*Dataset section*.
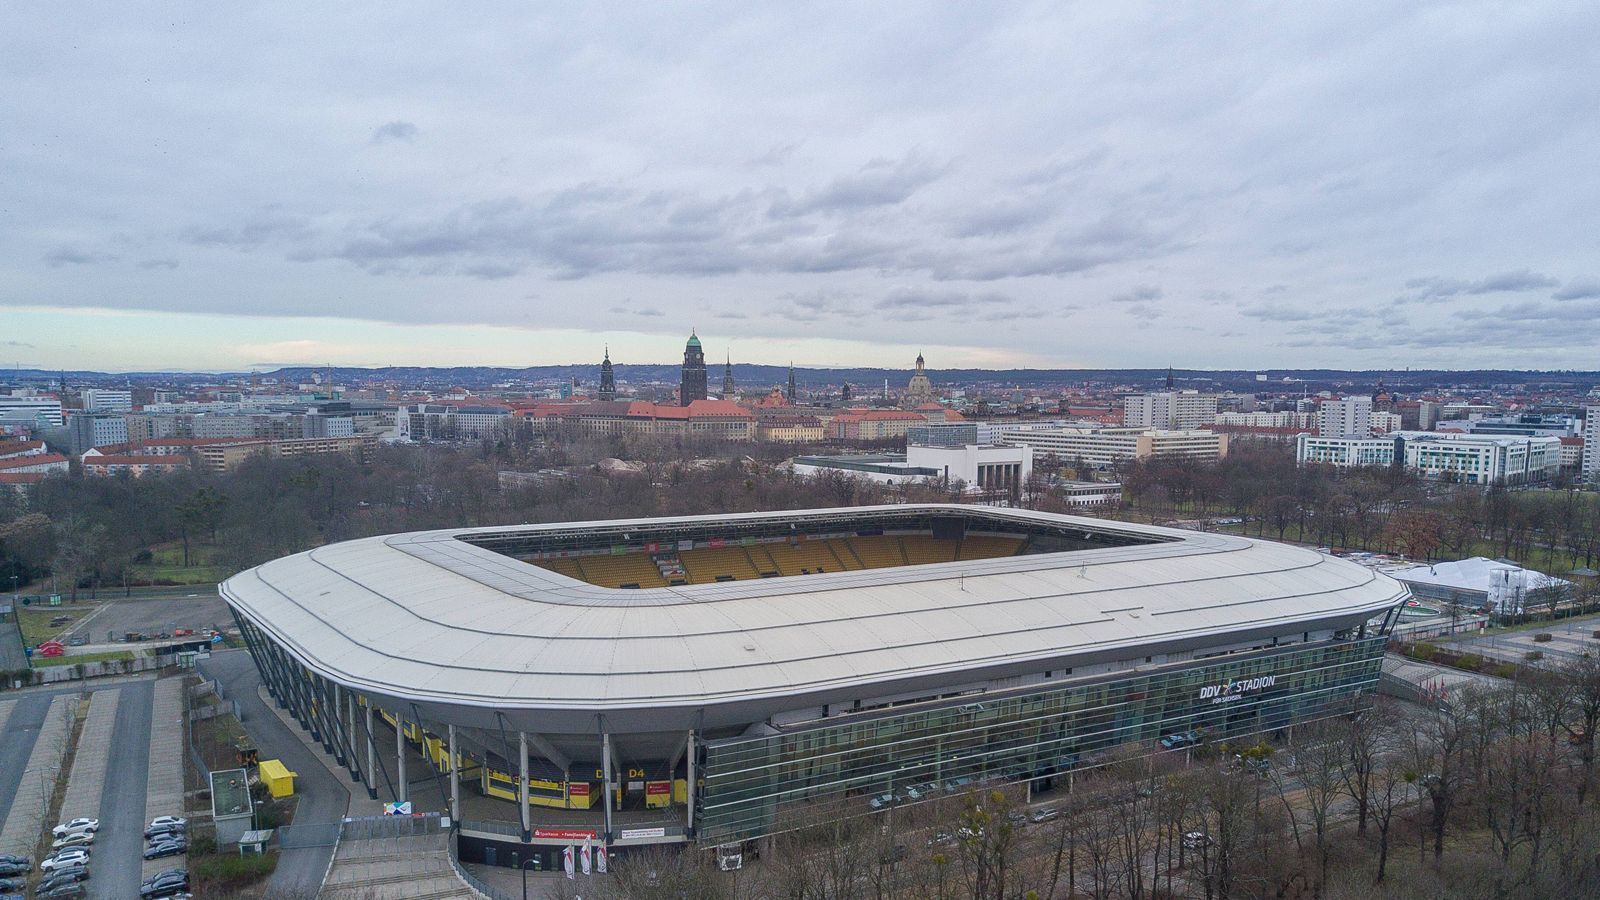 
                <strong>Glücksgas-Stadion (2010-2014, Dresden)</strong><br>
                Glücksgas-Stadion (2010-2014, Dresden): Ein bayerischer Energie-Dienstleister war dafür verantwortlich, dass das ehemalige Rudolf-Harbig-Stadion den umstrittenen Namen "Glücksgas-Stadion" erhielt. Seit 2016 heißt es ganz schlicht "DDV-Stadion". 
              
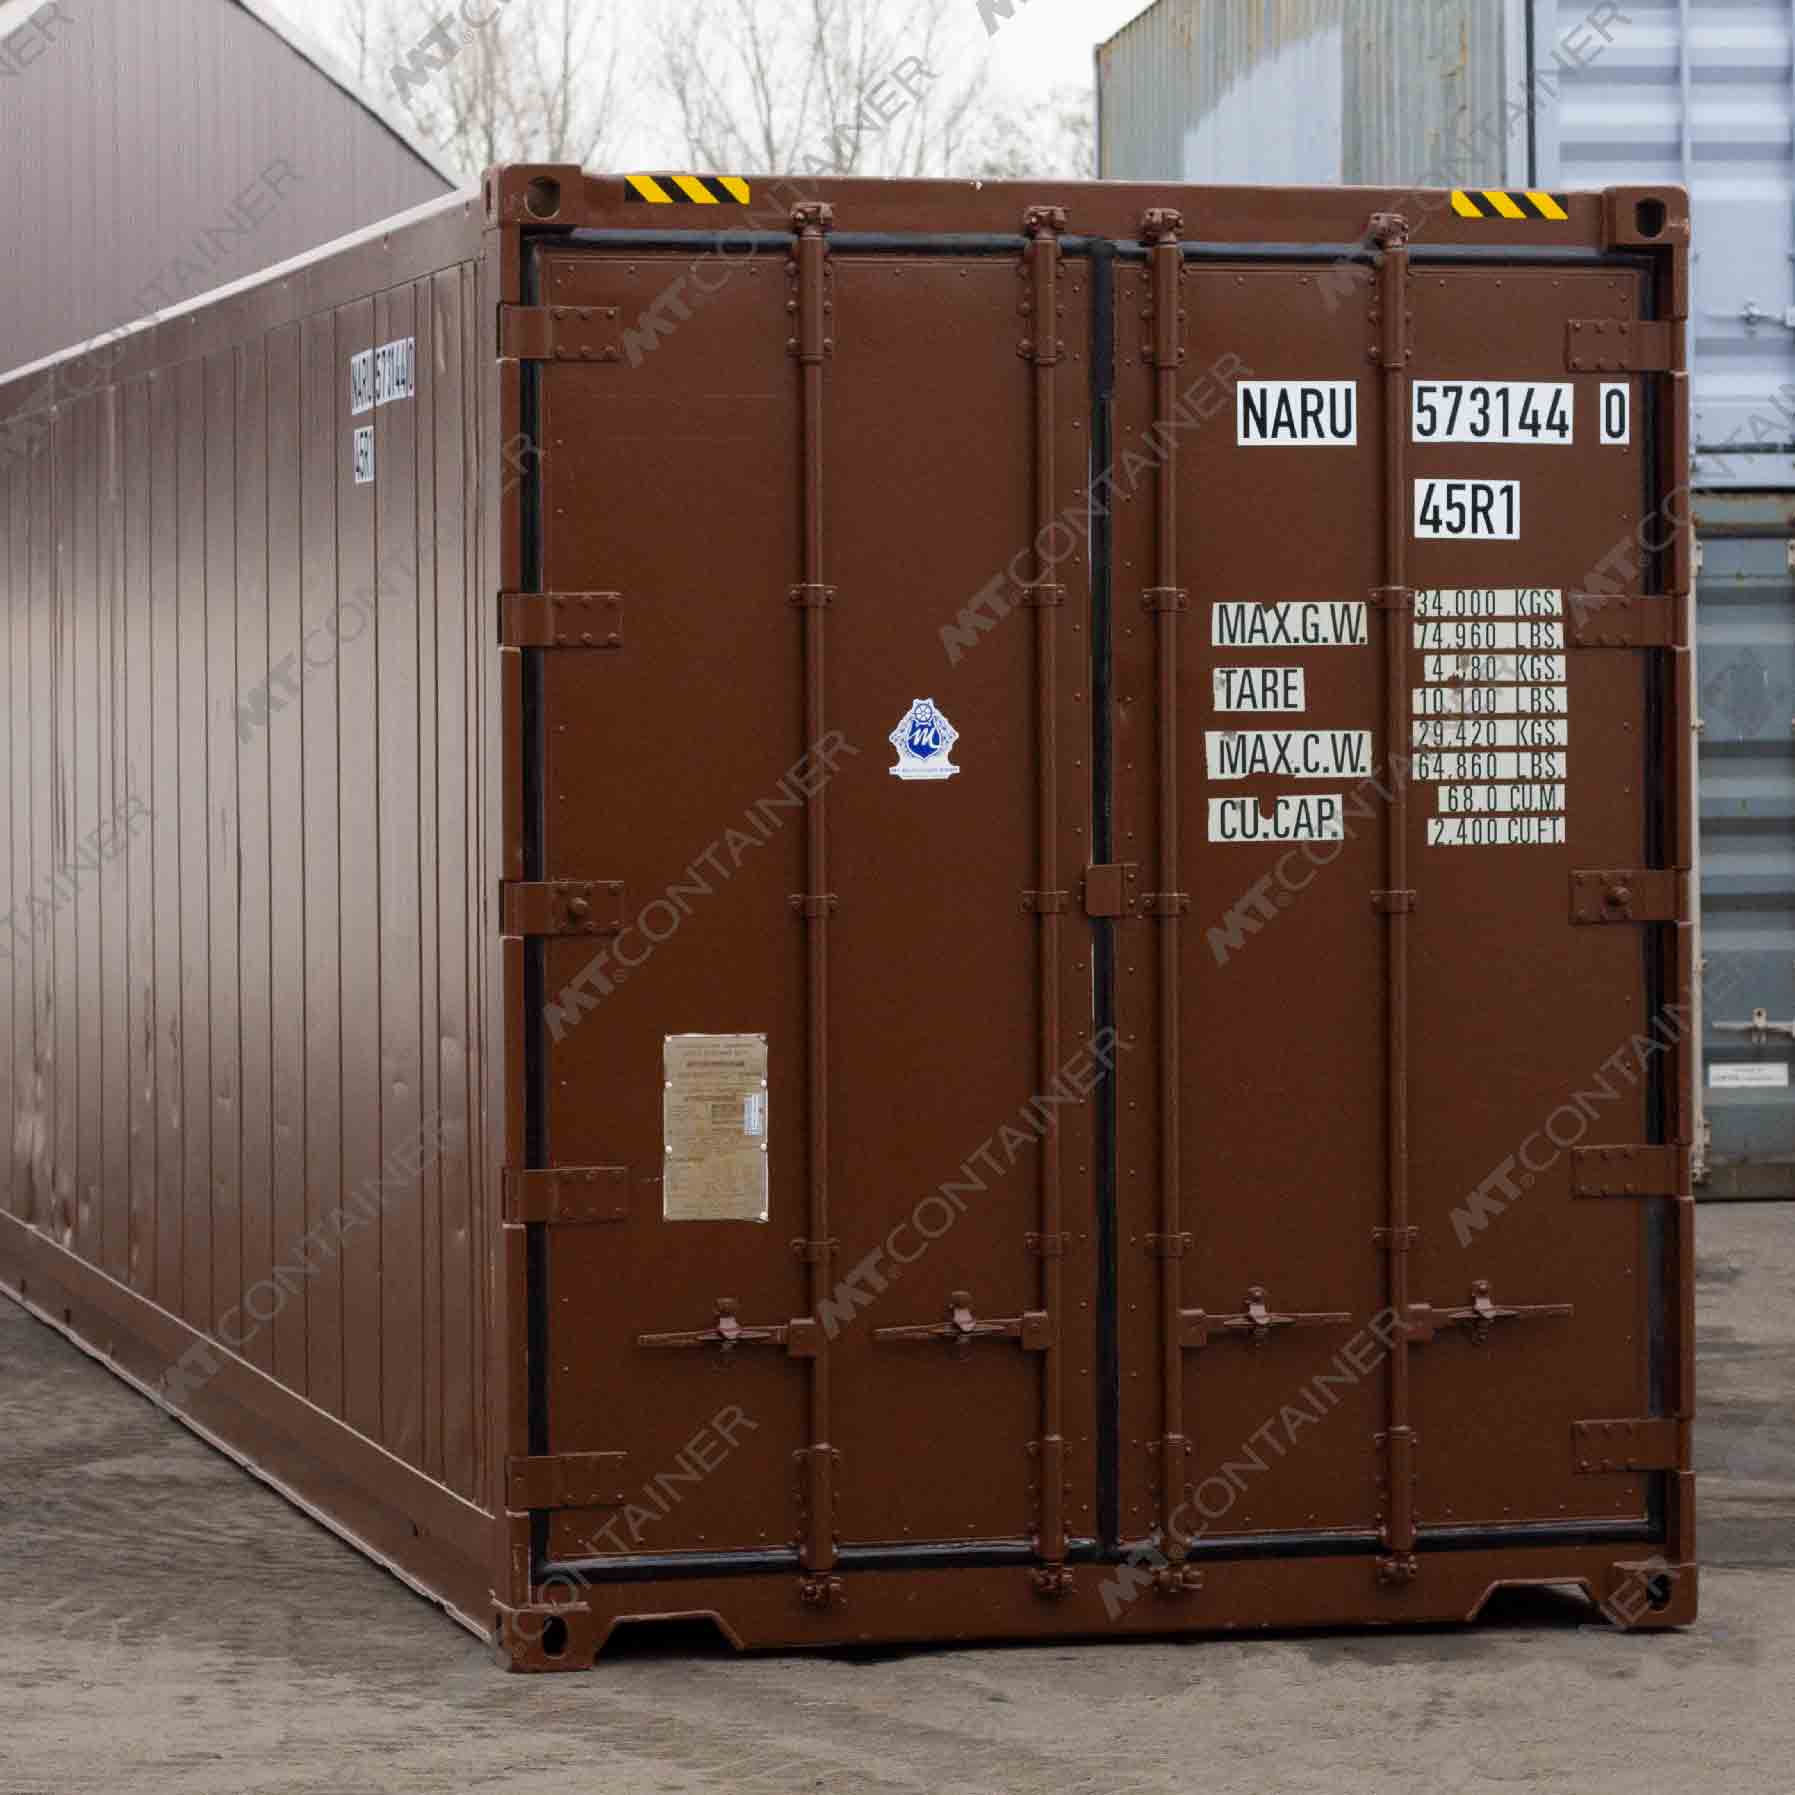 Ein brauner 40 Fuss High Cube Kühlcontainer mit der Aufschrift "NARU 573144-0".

*Exercise*. Count every line of the material above that holds the string "Glücksgas", then state only the total.

*Answer space*. 2